Sensitivity and specificity are also respectively called the \textit{TPR} (True Positive Rate) and the \textit{FPR} (False Positive Rate), which are the values used in a ROC analysis, see %TODO put ref to ROC section

\paragraph{Lift}

The \textit{lift} is defined as

$$
l = \frac{\frac{TP}{TP + FN}}{\frac{TP + FP}{TP + FN + FP + TN}} \ ,
$$

and is a ratio between the recall (ratio of correctly classified positive samples) and the ratio of positively classified samples in the whole dataset.

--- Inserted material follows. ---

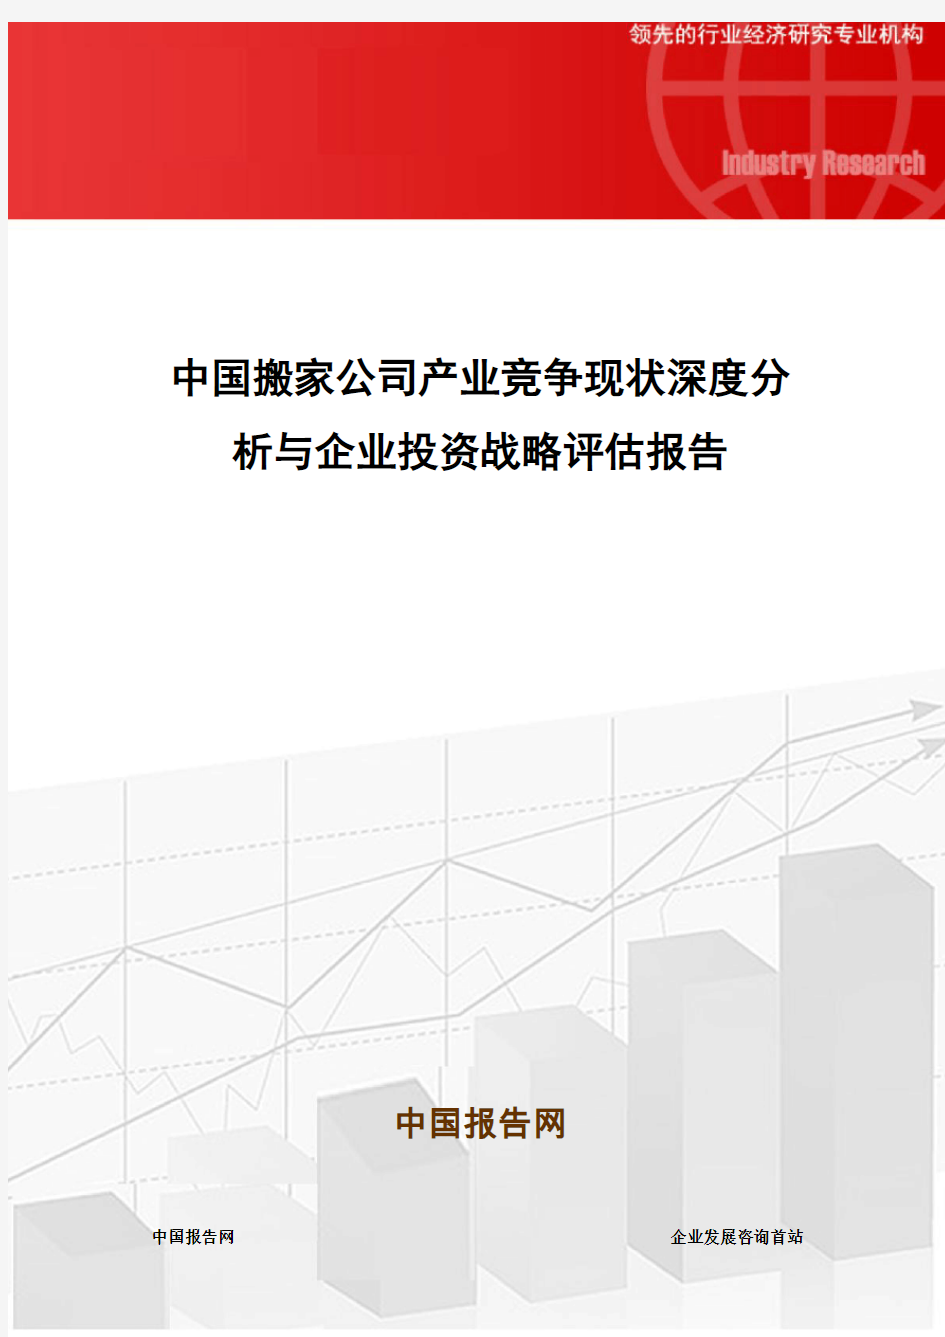 中国搬家公司产业竞争现状深度分析与企业投资战略评估报告

The lift measures the strength of the classifier on the basis of the positive ($1$) samples which are correctly predicted. It is a metrics typically used in marketing % TODO continue from page 2/4, the example and so on

%TODO ROC here?

\paragraph{F-score}

In general, a \textit{F-score} is defined as 

$$
F_\beta = (1 + \beta^2)\frac{pr}{\beta^2p + r} \ \ \beta > 0, \beta \in \mathbb{R}
$$

The most commonly seen metric in this class is the \textit{F1-score}, which is just the harmonic mean of precision and recall:

$$
F_1 = 2 \frac{pr}{p + r}
$$

The F-score furnishes a way to weigh precision and recall differently: while the F1-score weighs them equally, the F2-score
gives more weight to the precision and the F0.5-score does the reverse, for instance.

## Per-class Accuracy

The accuracy specified above is an example of a microaverage: all classes are treated on the same ground and this means that the information about the classification error in each is hidden. 

The per-class accuracy, on the other hand, is a macroaverage metric, and furnishes the average of the ratios of correctly classified samples per each of the classes. 

This metric is particularly useful when classes are imbalanced as the accuracy alone may give a quite distorded picture as the class with the highest number of samples will dominate the statistics. It is typically a good idea to look at both things anyway.\newline

\textit{Example}

Let us assume that we have a binary classifier, tested on $100$ samples for class $1$ and $200$ samples for class $0$ and whose performance reports these results:

\begin{itemize}
	\item $TP = 80$;
	\item $FN = 20$;
	\item $FP = 5$;
	\item $TN = 195$
\end{itemize}

The accuracy gives $a = \frac{80 + 195}{80 + 20 + 5 + 195} = 0.91$, so quite high. But this masks the fact that actually class $1$ has a misclassification rate of $20/100$ (class $0$ has a misclassification rate of $5/200$, so quite small). In terms of accuracies per class (the complements of these missclassification rates), class $1$ has $a_1 = 0.8$ and class $0$ has $a_0 = 0.975$, so that the per-class accuracy is 

$$
a_p = \frac{1}{2} \left(0.8 + 0.975 \right) = 0.88
$$

\paragraph{Log-loss}

This metric can be used when the probability of the classification of each sample is accessible and is defined as

$$
L = \frac{1}{N} \sum_{i=1}^N \left[ y_i \log p_i + (1 - y_i) \log (1-p_i) \right] \ ,
$$

where $N$ is the number of samples, $y_i \in {0, 1}$ is the class of sample with index $i$ and $p_i$ its classification probability.

The log-loss is the cross-entropy between the distributions of true labels and the predictions. %TODO cross-entropy reference 
and is a measure of the unpredictability, factoring the noise coming from using a predictor rather than the true labels. The log-loss is then meant to be small.